**TASK DESCRIPTION**
Once the pictures are removed, reproduce what is left of the data below exactly.

**COLLECTED MATERIAL**
• • • •
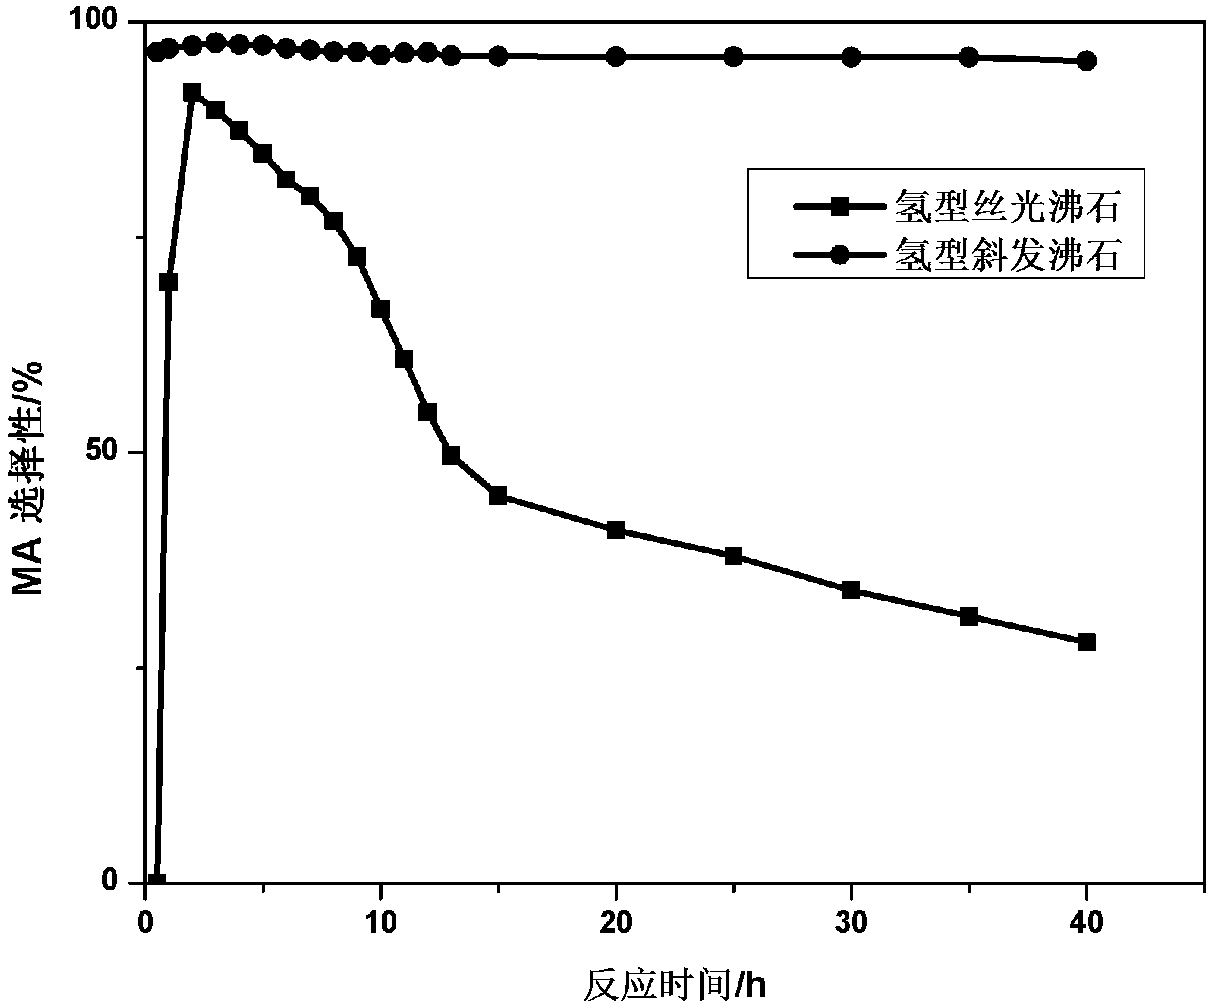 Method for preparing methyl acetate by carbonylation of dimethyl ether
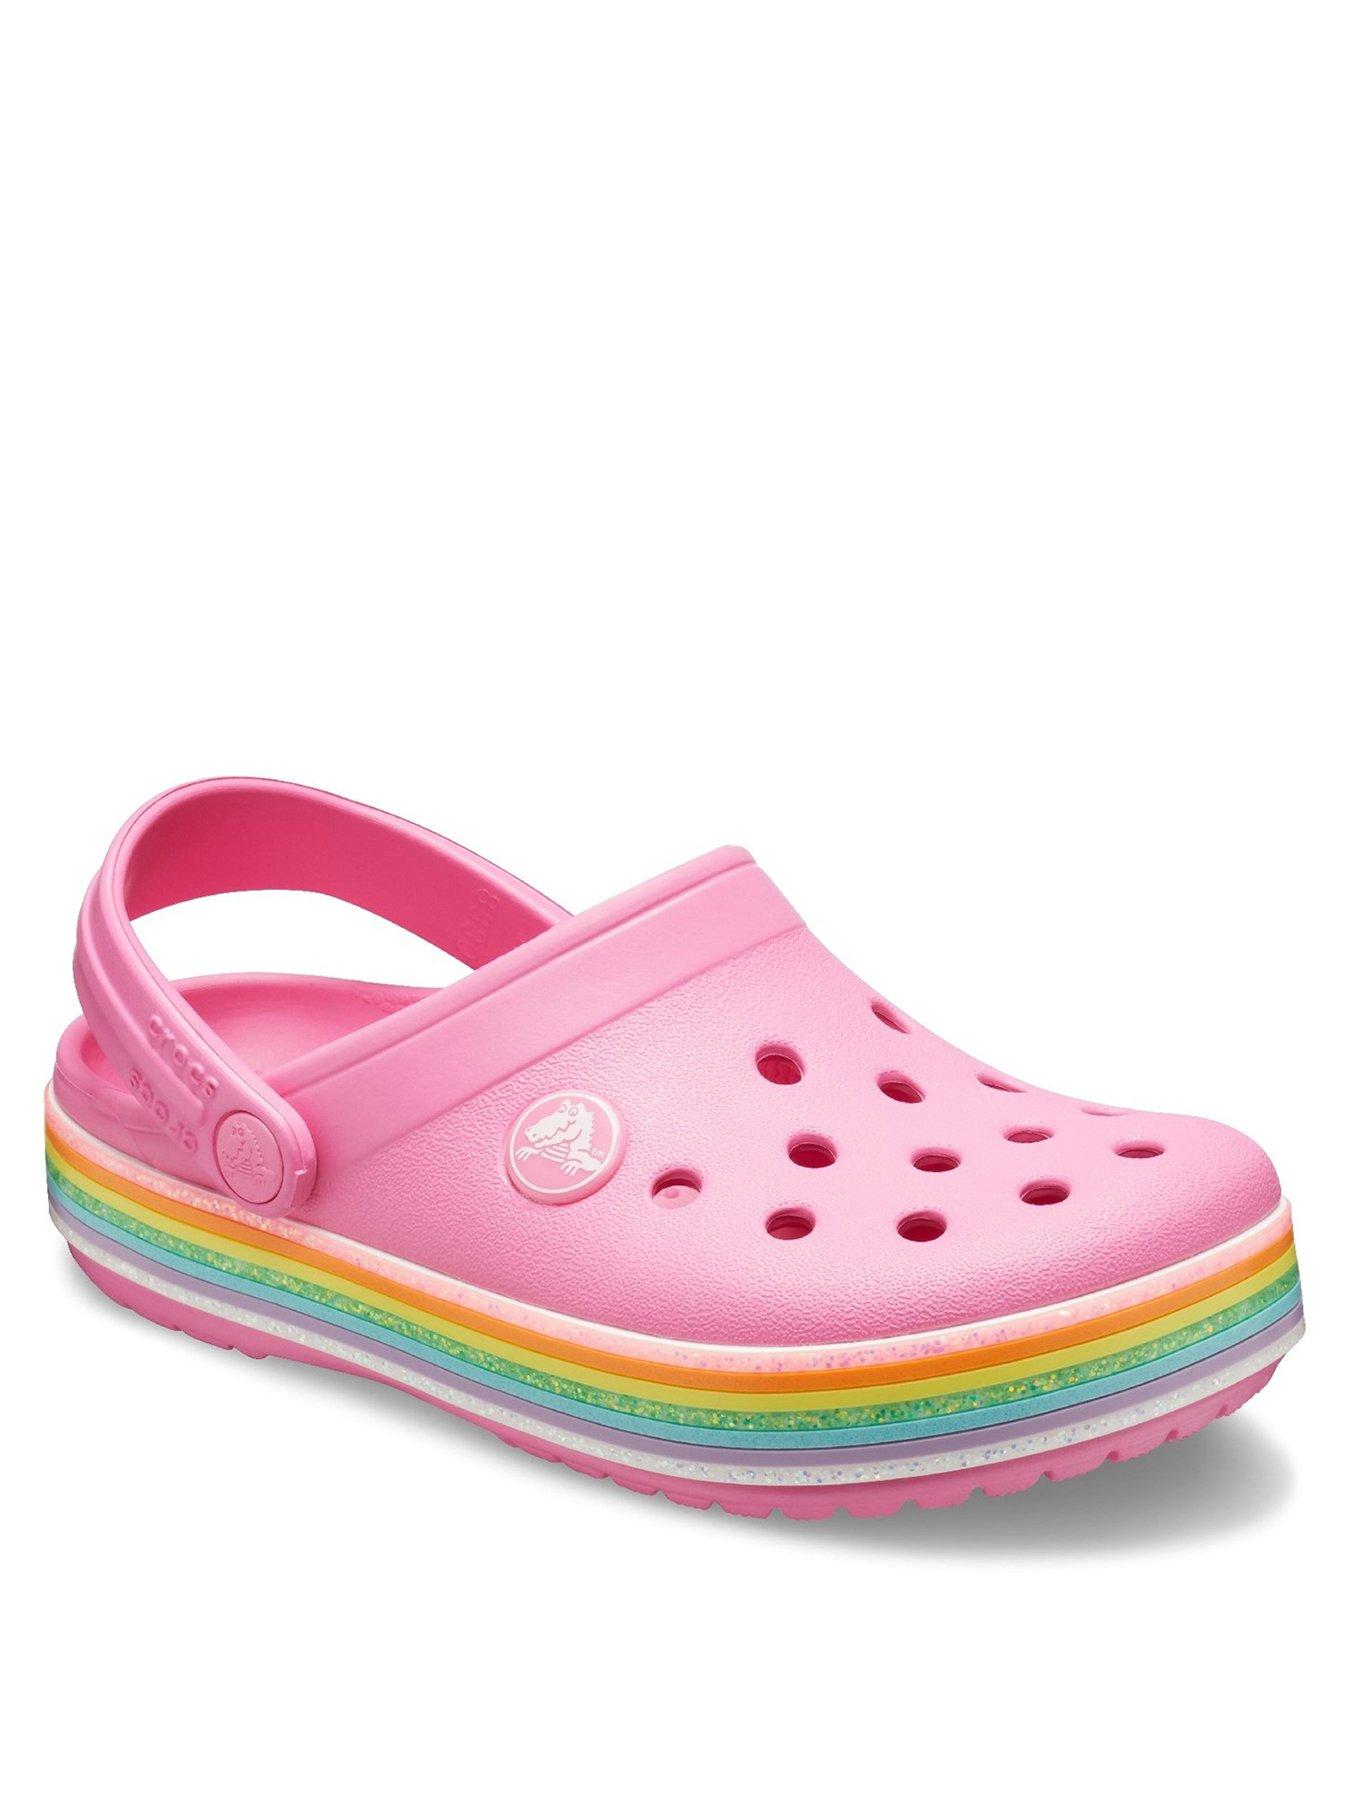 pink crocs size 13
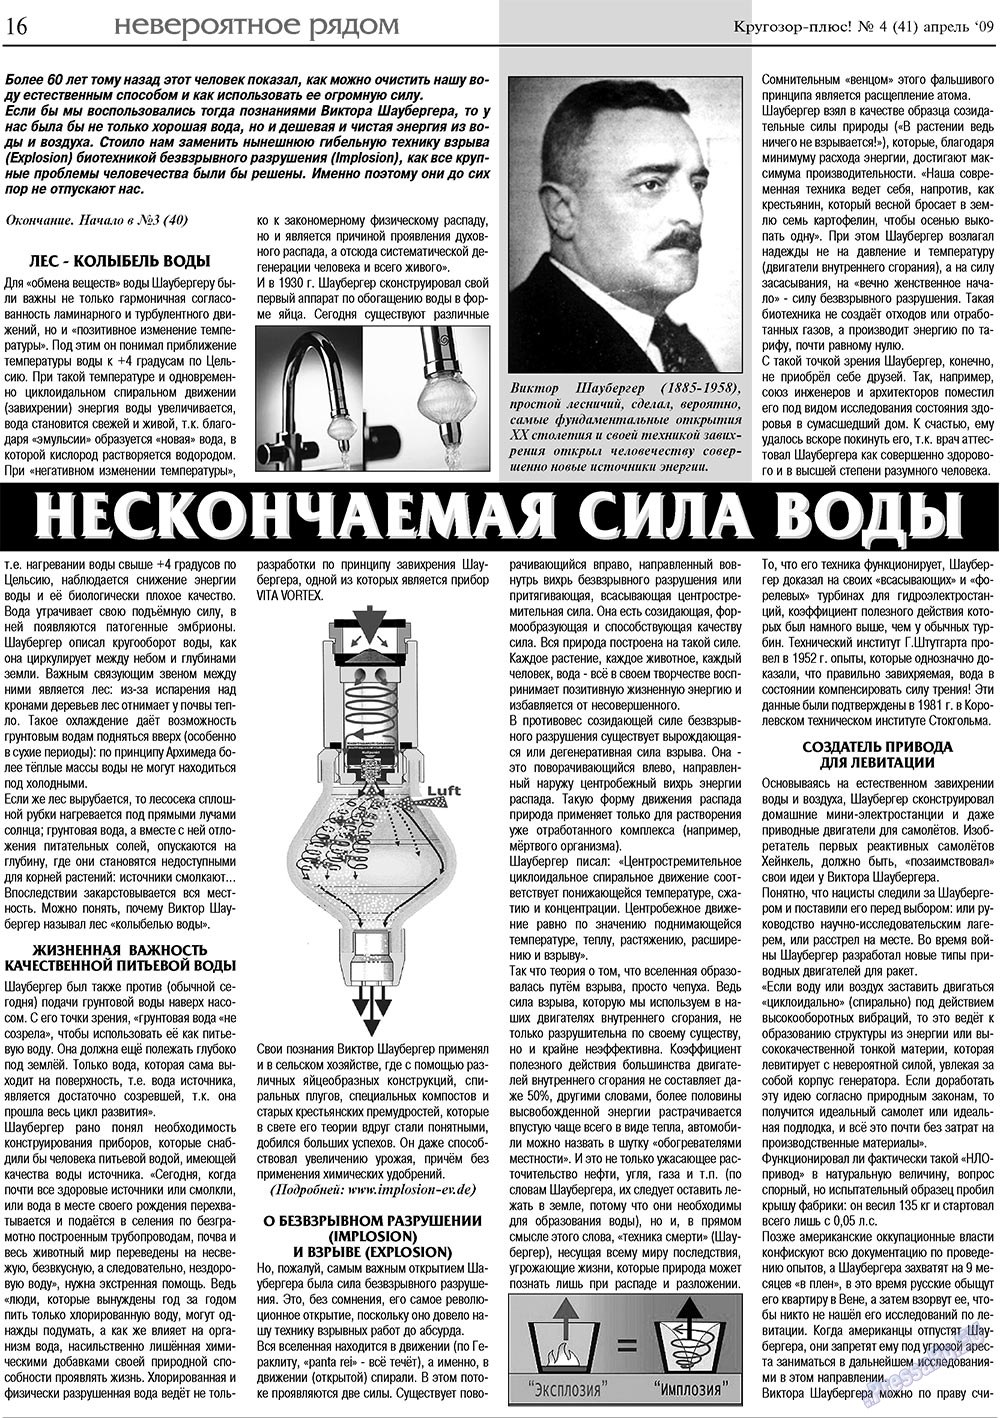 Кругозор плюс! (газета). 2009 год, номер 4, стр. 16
• • • •
**SOLUTION**
 Method for preparing methyl acetate by carbonylation of dimethyl ether
 pink crocs size 13
 Кругозор плюс! (газета). 2009 год, номер 4, стр. 16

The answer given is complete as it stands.